Can the Judge Pick and Choose Which Count To Impose the Gun Minimum On?
A very common situation is this. The defendant is charge with a M11 offense, such as Robbery in the First Degree with a Firearm. They are also charged with Felon in Possession of a Firearm with a Firearm. The language in each count "with a firearm" refers to the gun minimum sentence enhancement that is codified at ORS 161.610.
The "gun minimum" carries a minimum of 60 months (5 years) in prison, which makes it less than the mandatory minimum sentence for any M11 offense. However, the minimum can be suspended for the first gun minimum conviction, although whether it is suspended or not, a second gun minimum conviction carries a mandatory 10 years in prison. The first gun minimum can also only be imposed once.
Assume the defendant is convicted of the charges above. Can the trial judge not impose the gun minimum on the robbery count and instead impose it on the felon in possession count? The advantage of doing so is that the felon in possession count -- because it has a separate "victim" than the robbery count -- can be run consecutively. In other words, imposing the gun minimum on the second count would permit a sentence of 150 months (90 plus 60) whereas imposing it on the first count would only allow a much shorter sentence.
The argument is no, the judge cannot pick and choose which count to impose the gun minimum on. The reason why is as follows:
In the above-hypothetical, there can be no dispute that robbery is the "primary offense." 213-003-0001(17) (“’Primary offense’ means the offense of conviction with the highest crime seriousness ranking. If more than one offense of conviction is classified in the same crime category, the sentencing judge shall designate which offense is the primary offense.”)
As the name suggests, the primary offense is to be sentenced first. In fact, the entire sentencing guidelines is premised on the idea of the primary offense being sentenced first. When imposing sentencing on the charge of robbery in the first degree with a firearm, the court must either impose the firearm minimum under ORS 161.610(4) or suspend the sentence under ORS 161.610(5)(a):
- If it is the first time that the defendant is subject to punishment under this section, rather than impose the sentence otherwise required by subsection (4)(a) of this section, the court may:
- (a) For felonies committed prior to November 1, 1989, suspend the execution of the sentence or impose a lesser term of imprisonment, when the court expressly finds mitigating circumstances justifying such lesser sentence and sets forth those circumstances in its statement on sentencing. . . .

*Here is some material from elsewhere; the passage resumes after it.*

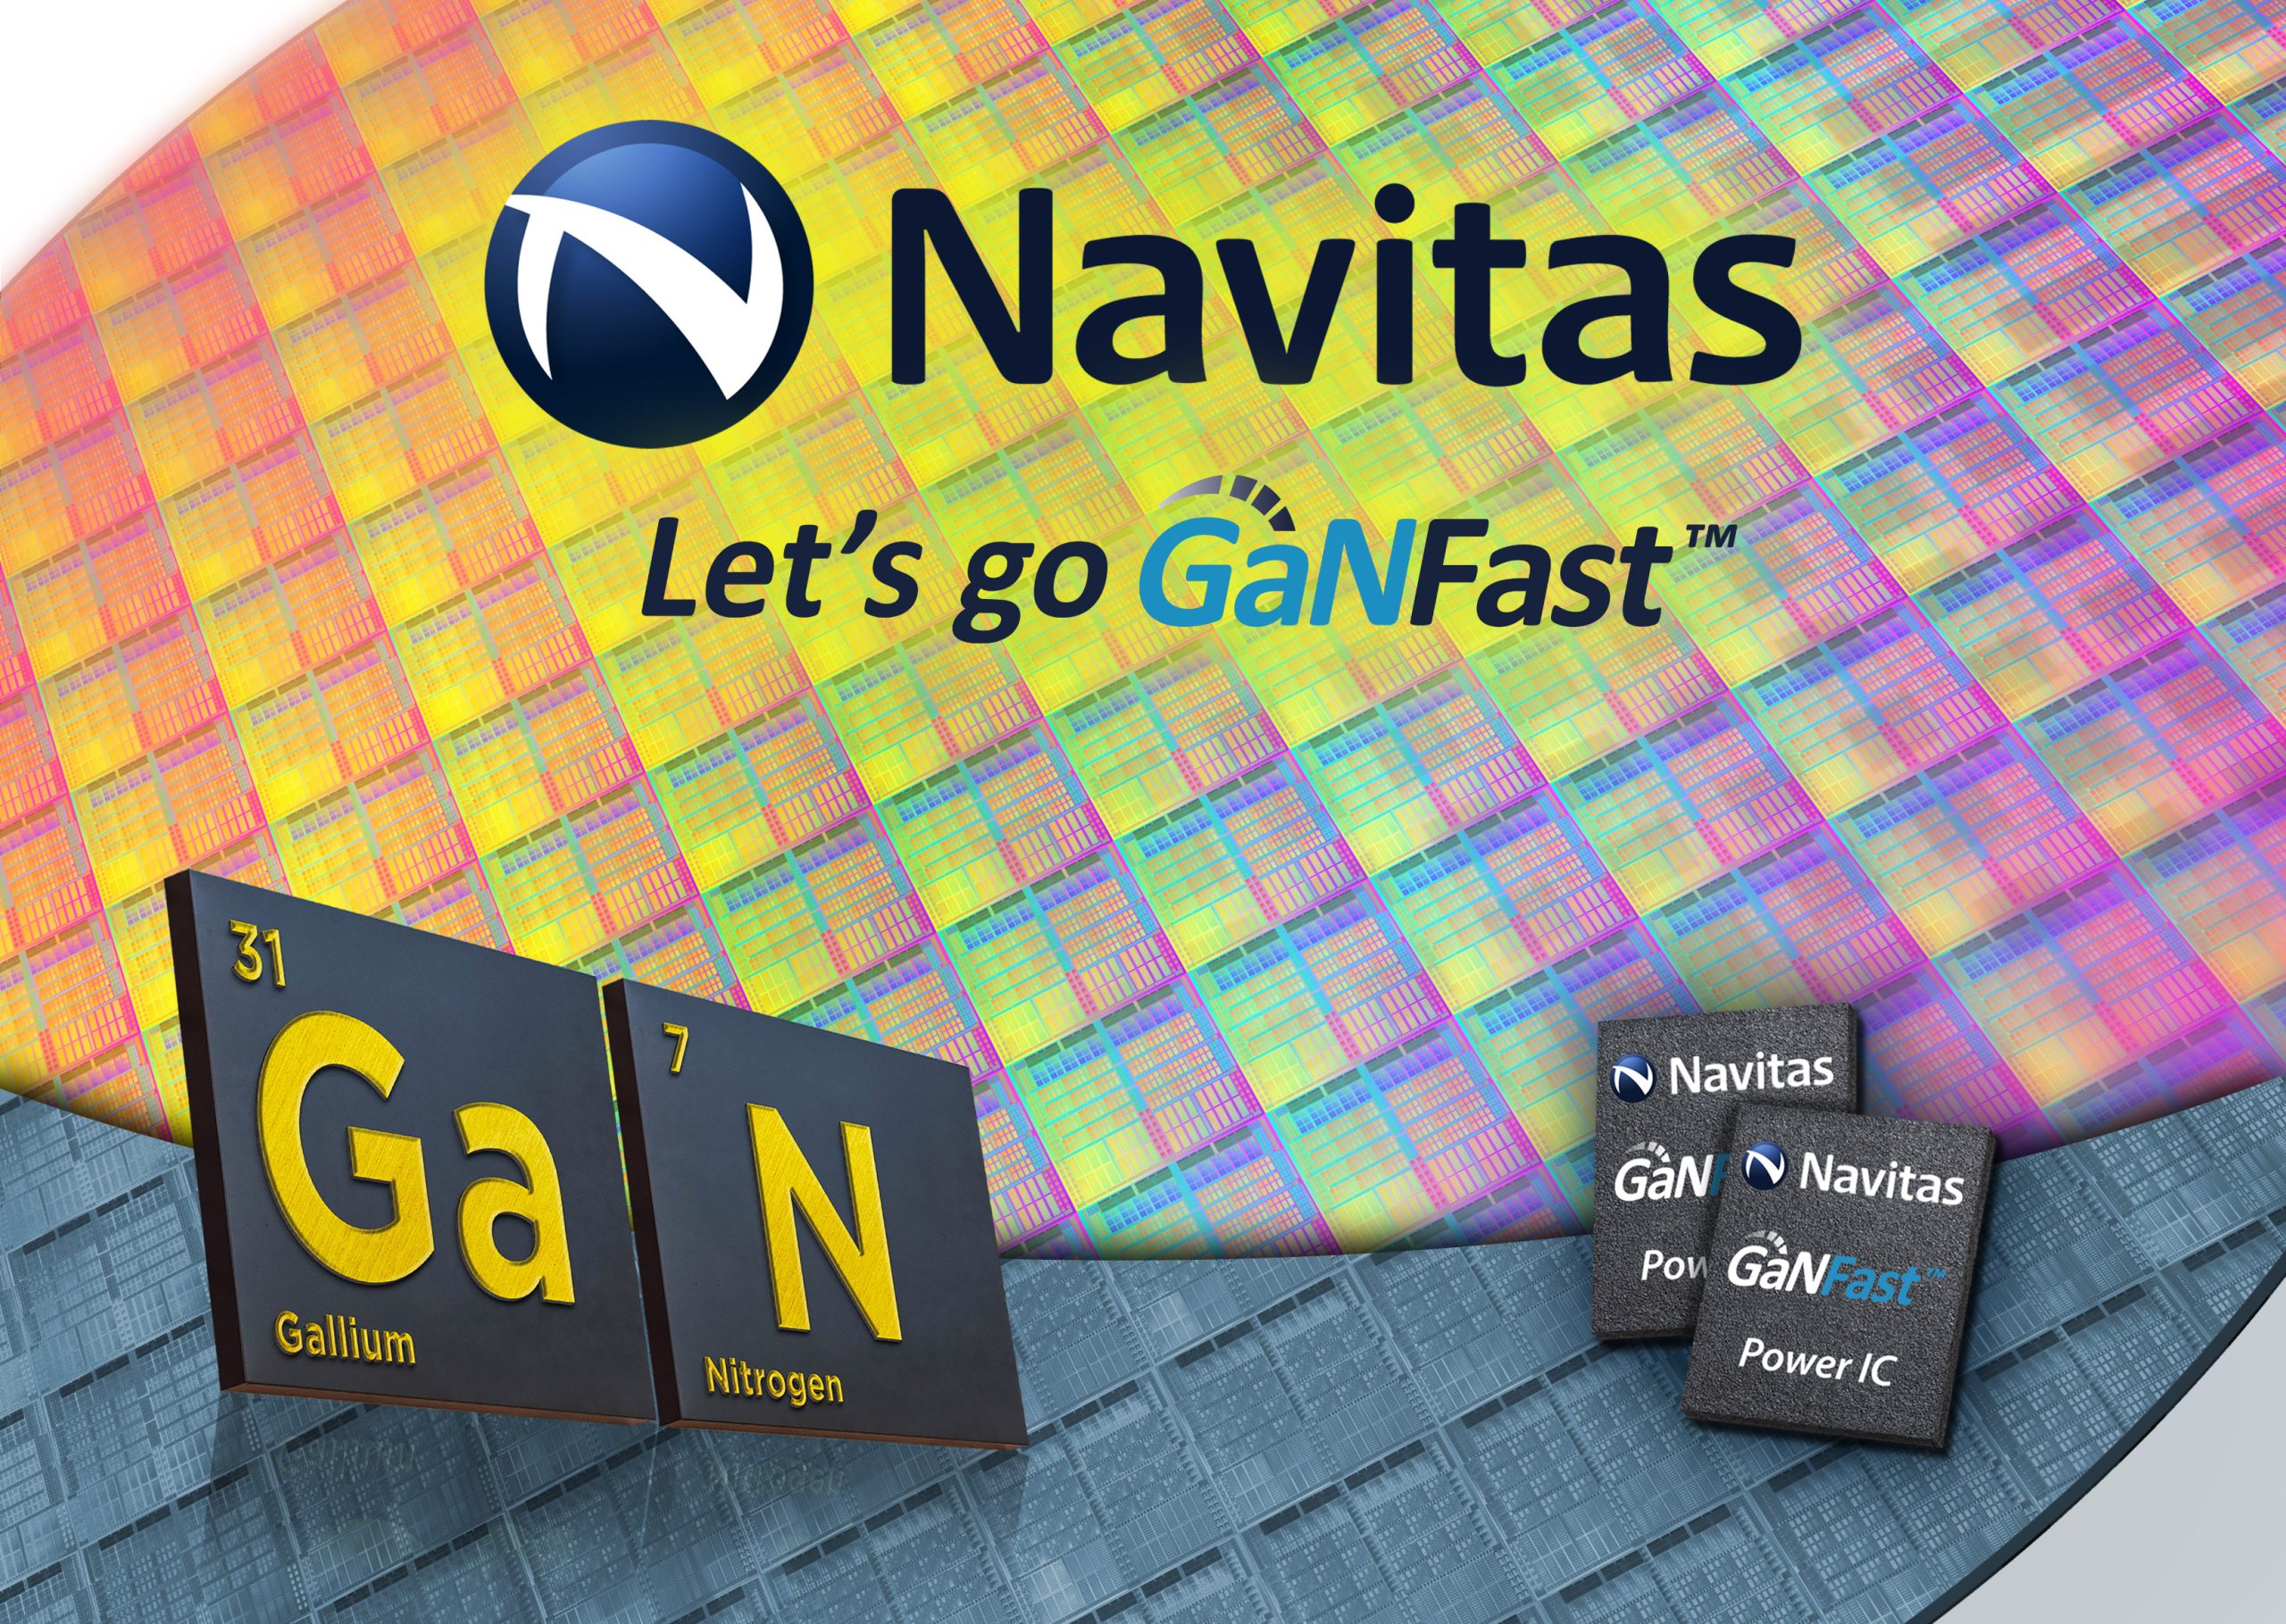 Navitas Ships 13,000,000 GaNFast Power ICs with World-Class Reliability

If the court did so, the suspension of the firearm minimum sentence still leaves a legal footprint. Specifically, ORS 161.610(4)(b) imposes a 10 year minimum on a subsequent firearm conviction. A court’s decision to suspend the 60-month sentence is still an application of the statute, because it still has legal effect under 161.610(4)(b):
- (4) The minimum terms of imprisonment for felonies having as an element the defendant’s use or threatened use of a firearm in the commission of the crime shall be as follows:
- * *
- (b) Upon conviction for such felony committed after punishment pursuant to paragraph (a) of this subsection or subsection (5) of this section, 10 years, except that if the firearm is a machine gun, short-barreled rifle, short-barreled shotgun or is equipped with a firearms silencer, the term of imprisonment shall be 20 years.
The state will ask to defer the gun minimum from the primary count to count 2, so that the 60-month sentence is imposed on felon in possession and then run consecutively to the robbery charge. This would not be a lawful sentence.

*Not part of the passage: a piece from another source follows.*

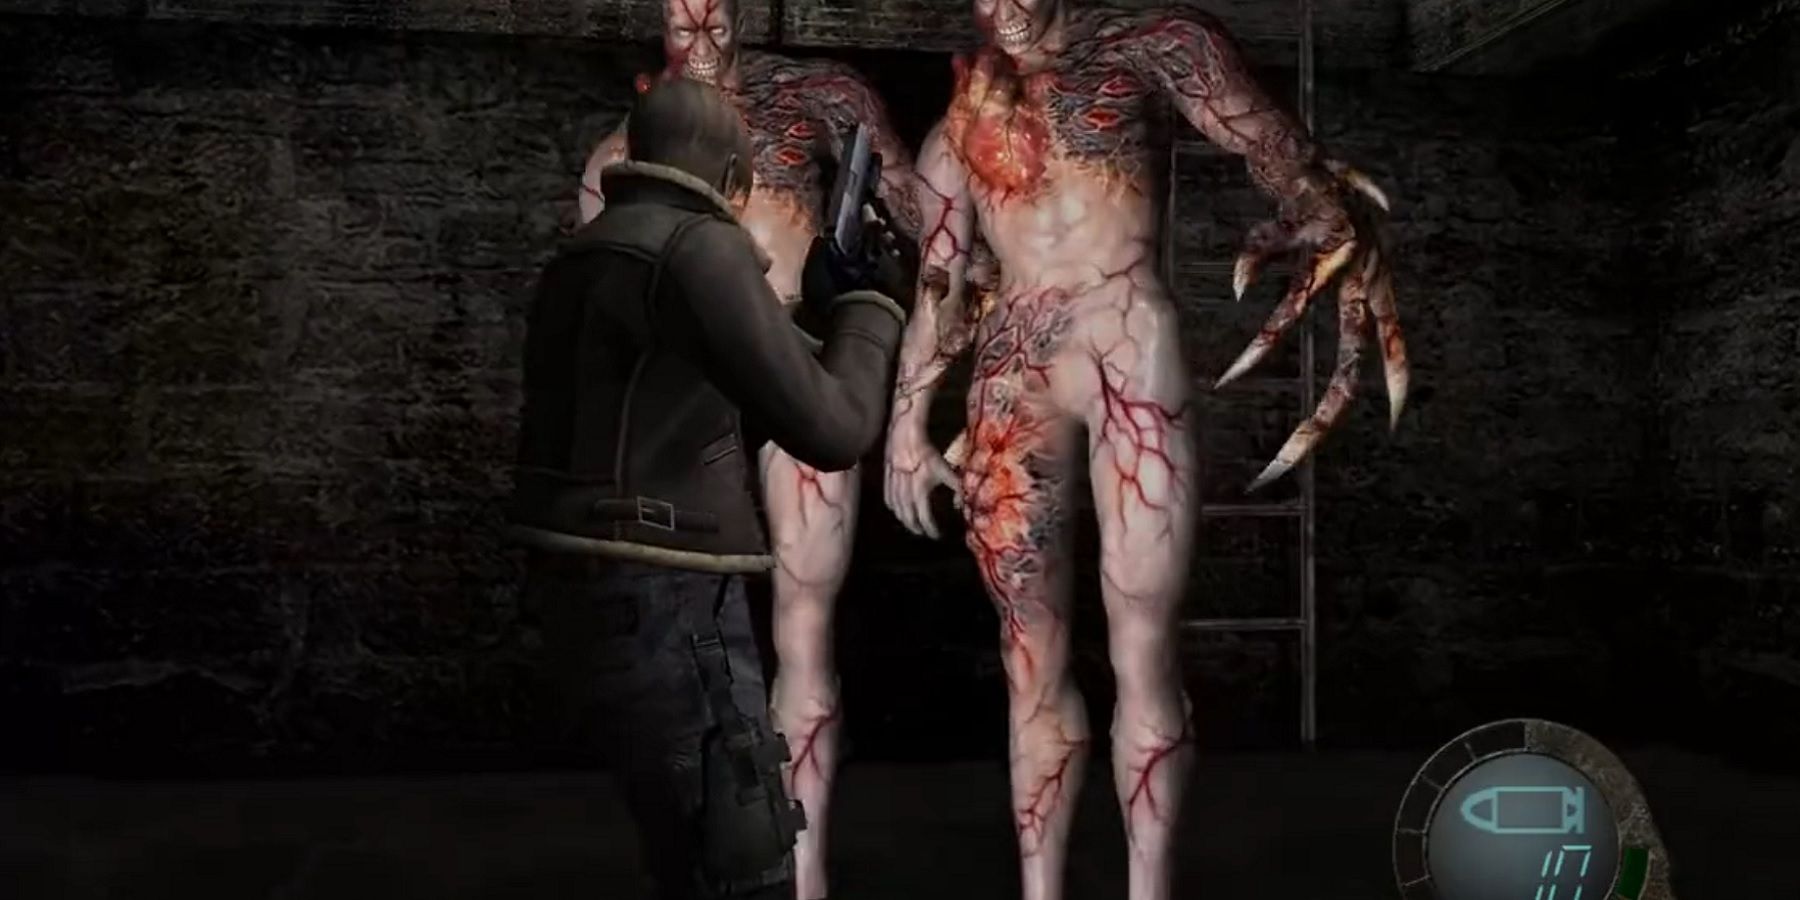 Screenshot from Resident Evil 4 showing two REmake Tyrants approaching Leon Kennedy.

First, of all, there is no authority for the State’s position that a sentencing court can “defer” the gun minimum on the primary count and then impose it on a subsequent count. On a first conviction for a gun minimum charge, the court can either impose the gun minimum or impose a lesser-sentence after finding mitigating factors. It does not say it can be deferred.
Furthermore, as demonstrated by the citations above, even if this court were not to impose the 60 month firearm minimum on the robbery charge, the gun minimum statute – ORS 161.640 – continues to have operational effect, since it would result in a mandatory ten-year minimum on the second gun minimum conviction. It still leaves a legal footprint. Since that footprint remains, the subsequent imposition of a gun minimum sentence on count 2 would violate the prohibition against multiple gun minimum sentences per case.
State v. Pouncey, 303 Or App 365 (2020), is not to the contrary. Defendant in that case made an argument that the case law from the Court of Appeals stated that the firearm minimum had to be imposed on the count sentenced first. That was inaccurate. Case law had not previously addressed this issue at all. Because the defendant misstated the court’s case law, the Pouncey court – somewhat curtly – dismissed the argument without addressing the merits. (“We also reject defendant's assignment of error on the firearm-minimum-sentence issue, because his argument misstates our case law regarding ORS 161.610(4).” [Bold added.])
In other words, it is still an open question as far as the appellate courts are concerned because the court has never been squarely presented with the issue. Nevertheless, the administrative rules, statutes, case law and analysis presented above are not reasonably in dispute.